Напоследок приближились мы к меновному двору, в который вступя, были окружены множеством народа. Отовсюду кричали: где они! Где они! И как знакомые по некоторым приметам меня узнали, то бросились с неизъяснимою радостию целовать, и орошая потоками лиющихся слез, едва не задушили. Сие есть обыкновенное там встречание вывозимых из плена! До того, повторяю, было ожесточено сердце, что я только дивился написанной на их лицах радости и дружеской их приязни; внутри же себя не чувствовал никакой перемены: укоренившийся ли страх, или другое что было сему причиною, того и до сих пор не разберу»29.

В тот же день С.В. Большой, одетый по-киргизски, при сабле, с обритой головой, в сопровождении 50 киргизов и султана Ширгазы был представлен Оренбургскому военному губернатору, князю Григорию Семеновичу Волконскому30.

«4 числа октября, - заканчивает свои воспоминания Большой, - будучи облагодетельствован от Его Сиятельства щедрою рукою, и вруча честным киргизцам для доставления прежним хозяевам некоторые гостинцы, отправился я в путь, взяв с собою вывезенного из плена денщика Никифора Васильева.

18-го Рязанской губернии Пронского уезда в селе Чернобаево сподобил меня Господь чрез 16 лет увидеть дом родительский. Престарелый родитель мой и родительница приняли меня с несказанною радостию, и сделали пристойное угощение, пригласив на тот случай всех родственников. На сем семейственном празднестве пролили мы молитвы ко всеобщему отцу и благодетелю, Богу»31.

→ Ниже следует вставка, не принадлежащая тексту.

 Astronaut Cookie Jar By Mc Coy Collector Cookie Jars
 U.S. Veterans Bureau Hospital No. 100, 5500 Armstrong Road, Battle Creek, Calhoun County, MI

Савва Большой застал отца настоятелем Никольской церкви. 1 октября 1807 г. того сменил сын, Иван Васильевич, получивший фамилию Чернобаевского32.

Погостив в родительском доме, С.В. Большой 5 января 1805 вернулся к исполнению своей должности при Горном кадетском корпусе, однако, 31 июля того же года был уволен от службы по прошению. Именной императорский указ от 2 августа гласил: «в уважение усердной службы. слабости здоровья и нещастии претерпенных им во время десятимесячного пребывания в плену у киргис кайсаков, обратить в пенсион по смерть из Государственного казначейства полное по последнему месту получаемое им жалованье»33.

Таким образом, к 35 годам приключения доктора Саввы Большого закончились. Он был свободен от службы, имел потомственное дворянство и полное материальное обеспечение – завидное положение, позволившее ему отныне вести мирную жизнь на родине. В это время приключения капитана Головнина еще только начинались…

В начале лета 1809 г., когда шлюп «Диана», ускользнув от англичан, пересекал Индийский океан, Савва Васильевич Большой готовился к свадьбе. Невесту он нашел в среде хорошо знакомого ему мелкопоместного дворянства чернобаевского прихода. Анисья Трофимовна Потулова была дочерью поручика и лейб-кампанца Трофима Андреевича Потулова, умершего в 1775 г. Невеста была небогата – по 4-й ревизии (30 мая 1782 г.) за ней в сельце Кудрине состояло 9 душ мужского и 7 женского пола. Но и понятие бедности относительно – среди крепостных А.Т. Потуловой имелась, например, деревни Шевцовой дворянская дочь Прасковья Федоровна Шевцова, своей волей пошедшая замуж за крепостного Алексея Федорова34.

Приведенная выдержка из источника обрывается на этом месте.